I am not sure it is helpful to talk about graph shifting, either. I am pretty sure that if the OP did not know how adding a constant changes the range, s/he would be lost by the fact quoted above. Horizontal graph shifting is counterintuitive because adding a positive constant to the argument leads to the graph's shift to the left rather than to the right.We have observed that the graph of $g(x)$ is shifted vertically from that of $f(x)$, hence the graph of $g^{-1}(x)$ must be horizontal shifted (by the same amount) from that of $f^{-1}(x)$. So how can we state this mathematically?

And it has been pointed out that instead of monotonicity of $g(x)$ we must show its injectivity.

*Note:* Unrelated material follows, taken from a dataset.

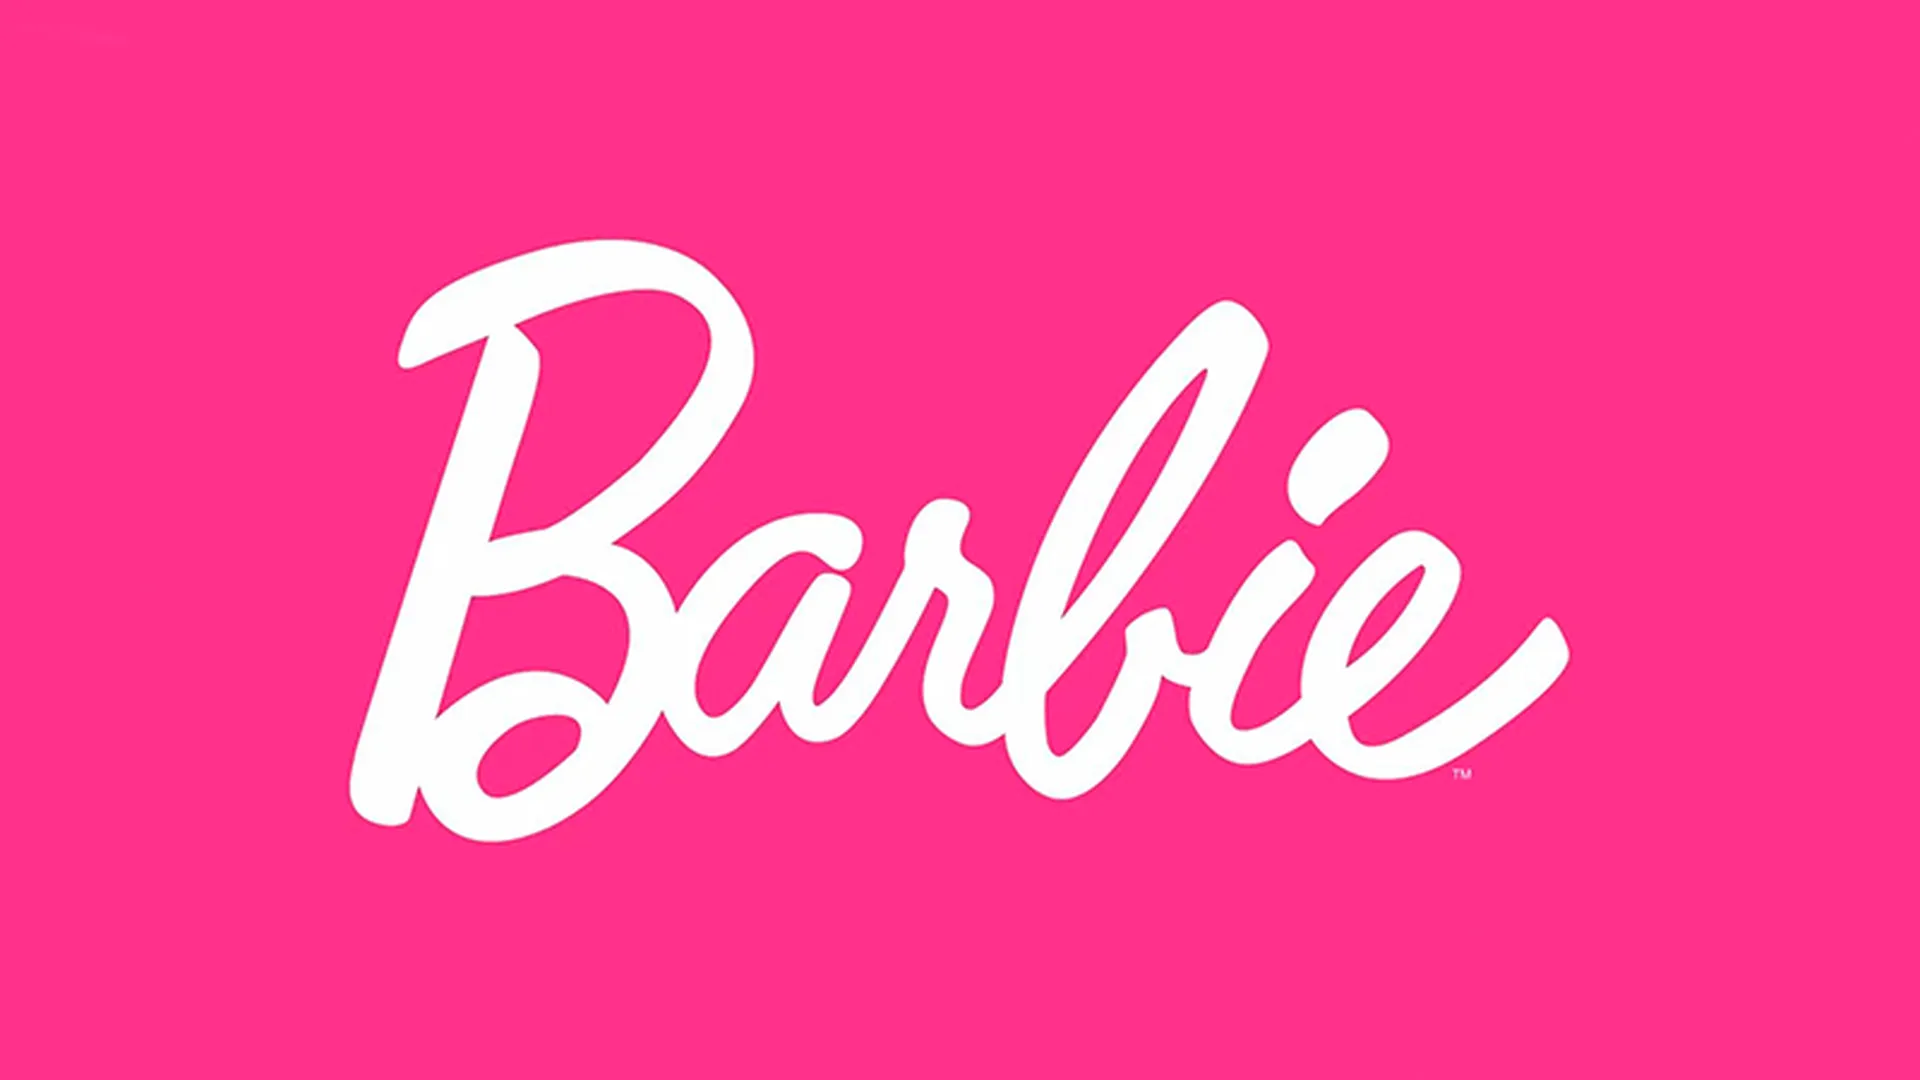 Barbie с прыщами и кривыми зубами могут появиться в продаже

I think it is much easier to focus on algebra involving concrete numbers $x$ and $y$ instead of talking about domains or graphs as a whole.

So, we have $g(x)=f(x)+c$ and we need to find $g^{-1}$. This means we need to solve the equation $f(x)+c=y$ for $x$. It is solved in the usual way: we look at operations applied to $x$ in the left-hand side and reverse them. There are two operations applied to $x$: first $f$ and then adding $c$. Therefore, we first have to subtract $c$ from both sides to neutralize addition, and then ... (use the fact that $f^{-1}$ is known).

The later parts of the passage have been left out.